Studies that seemed to include overlapping samples were excluded, with only one of each used. Therefore, we used the study by Hu et al. because it provided the necessary statistical information[24]. Since the studies by Quigley et al. and Haller et al. appeared to use the same sample of pectus excavatum patients[4, 27], we combined the results of these two studies and analyzed them as one study. Kowalewski et al. published two studies in 1998 and 1999 using samples that overlapped; thus, only the first study, which included groups of patients with both moderate and severe pectus excavatum, was included in the meta-analysis[26]. Our meta-analysis of pulmonary function included 15 studies (Table1) performed in the United States, Canada, Japan, Poland, Netherlands, and China. Pectus severity index was not reported in all these studies used.
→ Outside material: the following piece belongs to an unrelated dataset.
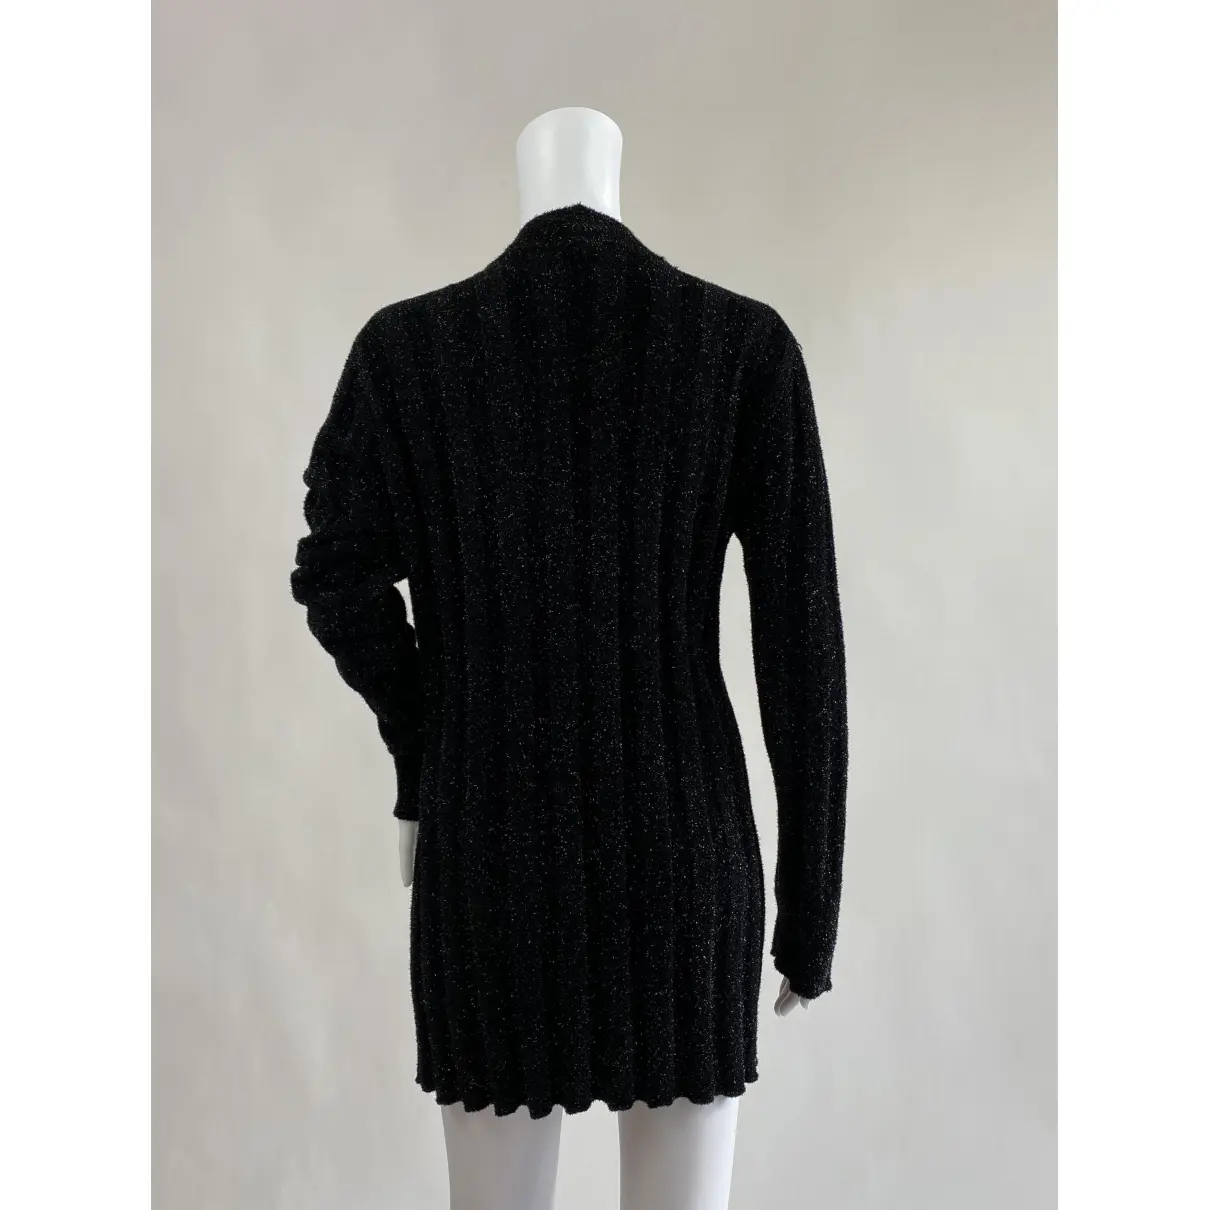 Buy Givenchy Black Synthetic Knitwear online - Vintage

Techniques for estimating pectus severity index included chest radiography (CXR), chest computed tomography (CT), and calipers. We could not assess the relationship between pectus severity and average ES because the included studies did not report these results. Five of the 23 studies included patients who underwent both the Ravitch and Nuss procedures, 6 included patients who underwent the Ravitch repair surgical procedure, 11 included patients treated by the Nuss procedure, 1 study used sternal eversion, and 1 used the Daniel procedure.
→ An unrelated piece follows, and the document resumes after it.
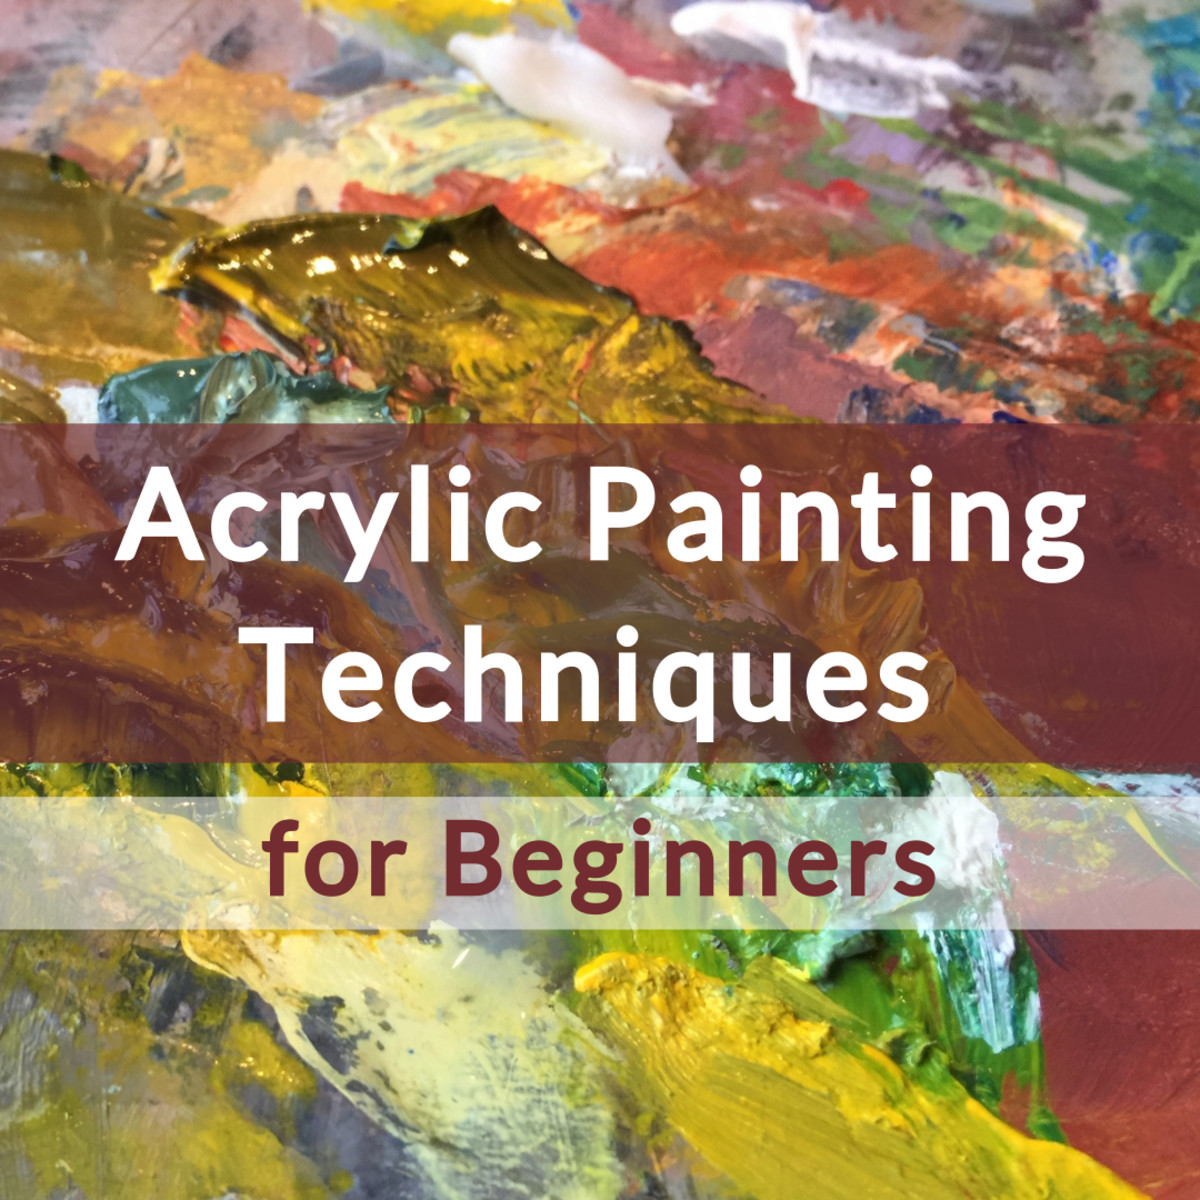 6 Basic Acrylic Painting Techniques for Beginners

The meta-analysis included a total of 2476 patients with PE, including 921 who underwent open surgical repair (Ravitch + Daniel) and 1555 who underwent the minimally invasive Nuss technique. Average patient age was 11.6 years, with a 3–4.5:1 male:female ratio. Patients who underwent Ravitch correction tended to be younger than patients who underwent the Nuss procedure (9.1 vs 12.4 years).

Major presenting symptoms included exercise intolerance, dyspnea, and lack of endurance. Western patients were prone to chest pain and cardiopathies, and Asian patients had higher incidences of respiratory tract infection and cardiac displacement.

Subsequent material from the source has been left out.